Book Inteview: Sodomy is the new poetry

By Jaime Burnet

As you walk to class one lovely fall day, crunching through leaves, sun on your face, watching agile squirrels jump from branch to branch, you may not have noticed the shaved head sitting on the shoulders of a black leather coat in the midst of the picturesque fall landscape. It was the head of author Mingus Tourette, out of which much controversy has crawled into the light of a disapproving mainstream, most recently in the form of his book nunt, for which he recently toured Canada to promote. Driving in his hot pink ambulance, the tour is his to help the world realize his vision of how poetry and poets should be seen.


“I’m trying to create some excitement, and demonstrate that poetry is something that can be read in a bar. I think people have a real perception that it’s homework. It’s Shakespeare, it’s John Donne, it’s something that was forced on them in high school,” says the poet.


Perhaps poetry needs to be revolutionized, forced out of the dusty halls of dreary academia, but does it need to be so violent? Judging by Mingus’ work, it seems poetry needs to be shocking to be important. But Mingus doesn’t see it that way.
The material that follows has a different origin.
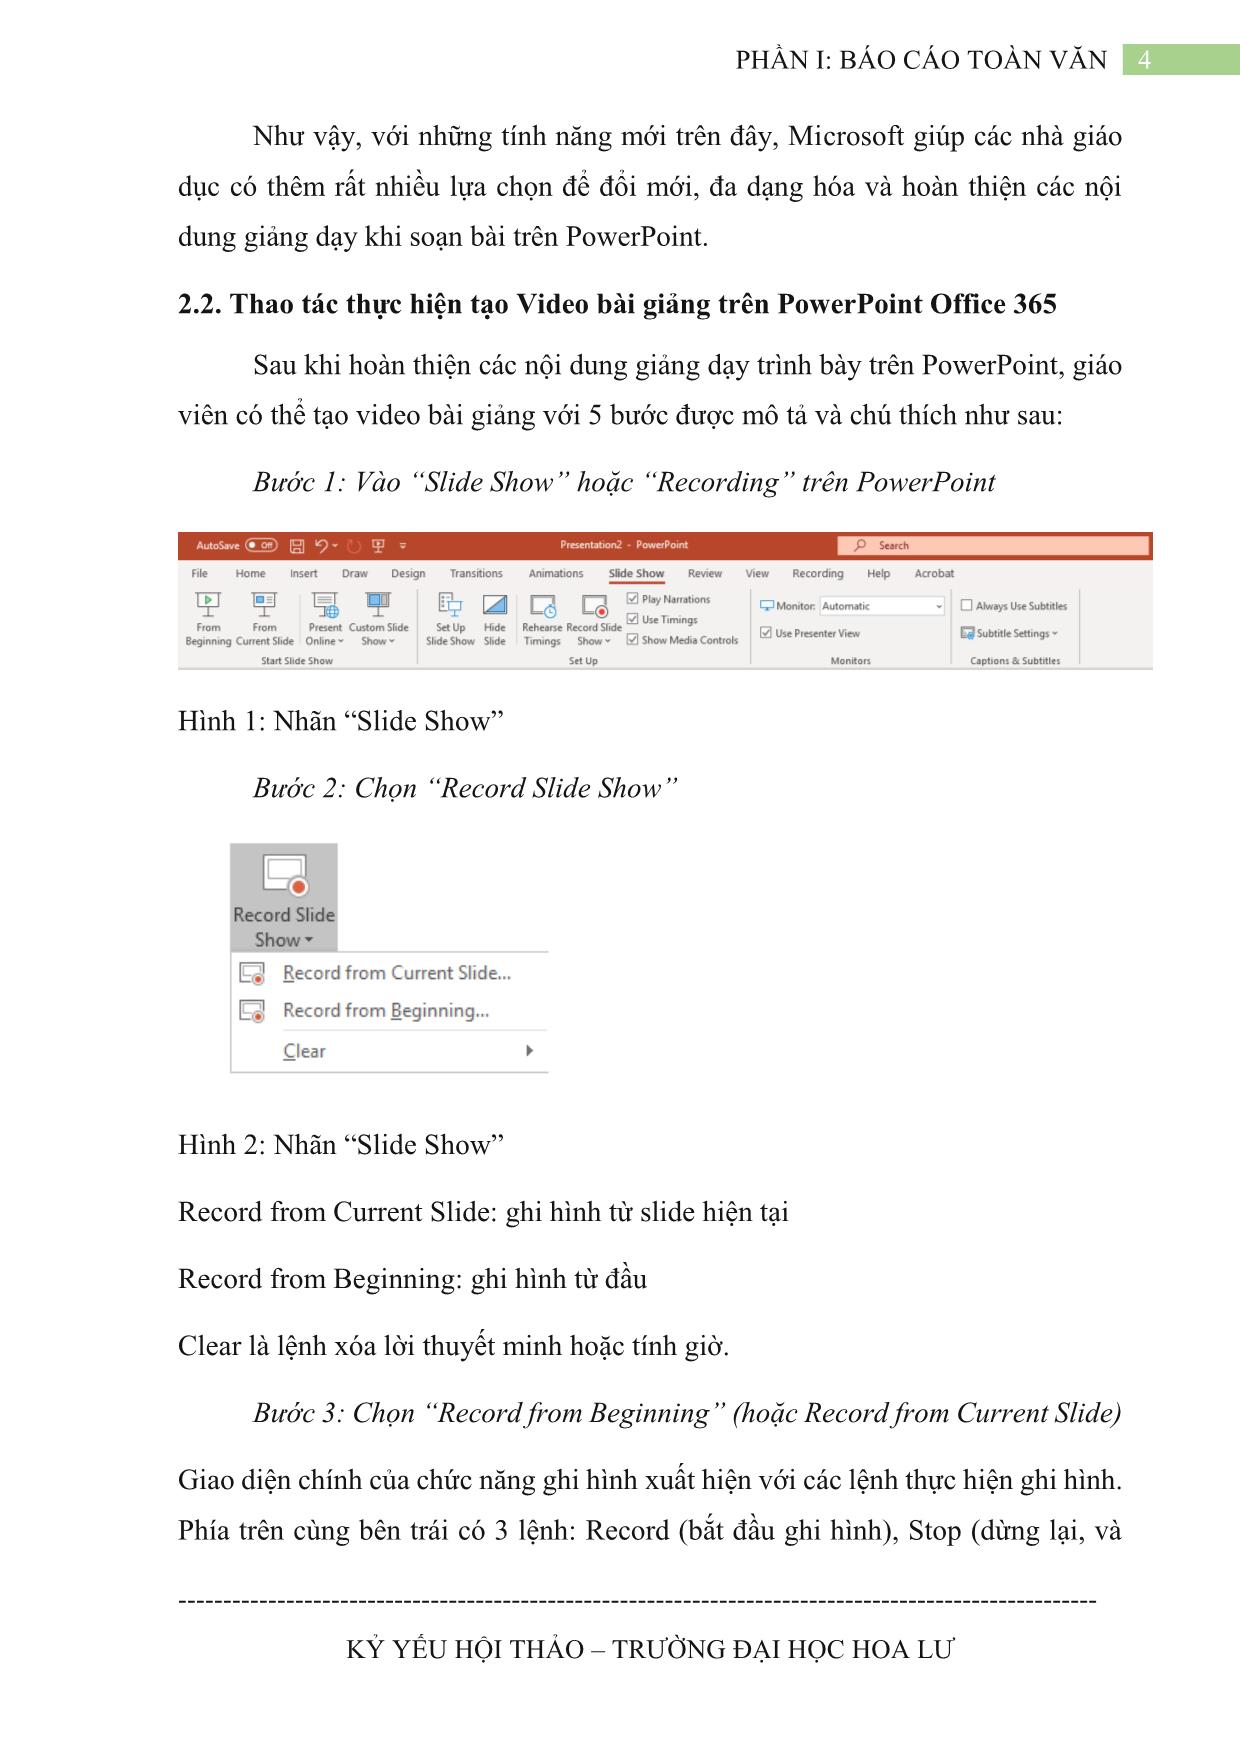 Kỷ yếu hội thảo Tạo video bài giảng với Powerpoint Microsoft Office 365 trang 4

“There’s lots of great poetry out there that doesn’t have violence or sex or drugs as its topic,” defends Mingus. “I mean, one of the intents of this book [nunt] was to do something different. There’s lots of great farm poetry, you know, writing about the prairies, the wind, and the snow blowing over the hills–it’s great, and some of it I really love, but frankly I didn’t want to write that.”


He certainly didn’t, penning poignant lines such as “encrusted fingers buried to the knuckles in her ass.” But Tourette poses an intriguing question regarding the book review and the disgust levelled at the poetry he writes: why do some people focus on the sexual aspects of the book, and not the religious slander and bovine murder?


“The book has become sort of a Rorschach test, because there really is something to offend everybody or something to trigger something in everybody. So if you’re easily offended about, say, your religion, like if you’re Catholic, then this book might really offend you on a religious level. It’s a reflection on you. You’ve got to ask yourself, ‘Why does that offend me?’”


Are we all prudes, then? Perhaps those upset by Mingus’ work just need to open their minds, but it is difficult to deny a disgusted reaction to the imagery of “blood soaked sheets like we just slaughtered a buffalo.”


“It’s not like I’m ripping chunks of flesh out of her back or something!” Tourette says, amused. “It’s not necessarily violence. It just happens to be that there’s blood all over the place afterwards and it doesn’t bother you. Sure it’s gonna be a mess, sure you’ll be covered in blood, sure you’re gonna look like you just ate out a human sacrifice, but I don’t care. I’d much rather have at it and just have this great crazy fuck than turn over and go to sleep.”


Nunt is full of “crazy fucks” and many compelling poems detailing the author’s experiences with death, contempt for the American government, and disgust of religion. Named “nuntos”, they’re bound together by circumstances under which they were written during Tourette’s attempt to recover from a broken marriage.


“This is, in a sense, one big poem. So part of that is to explain the journey. He went through a lot of crazy shit when he was on this journey, but this is all part of what he had to do to try and get rid of this ghost of his wife that continues to haunt him. This was like a six-seven year marriage that broke up and trying to get that taste out of the mouth is very difficult. Can you ever get rid of it? No, probably not, but you can maybe at least learn to deal with it. During this [time when the poems were written], I couldn’t deal with it at all, except to drink and fuck and whatever you can do to get that out of your system.”


There lies an emotional core to his work, and this context helps the reader to empathize with the shocking content. Despite the depravity in the poems, these are emotions many can relate to, most likely more than they could to say, a brief poem about anal sex. But for those who do have fond memories of that particular sexual act, Tourette has provided a profound poetic gem you can tattoo above your cock: “Relax, girl. It’s just like taking a big shit. Only in reverse.”


Ah, you can smell it. The poetic revolution has arrived.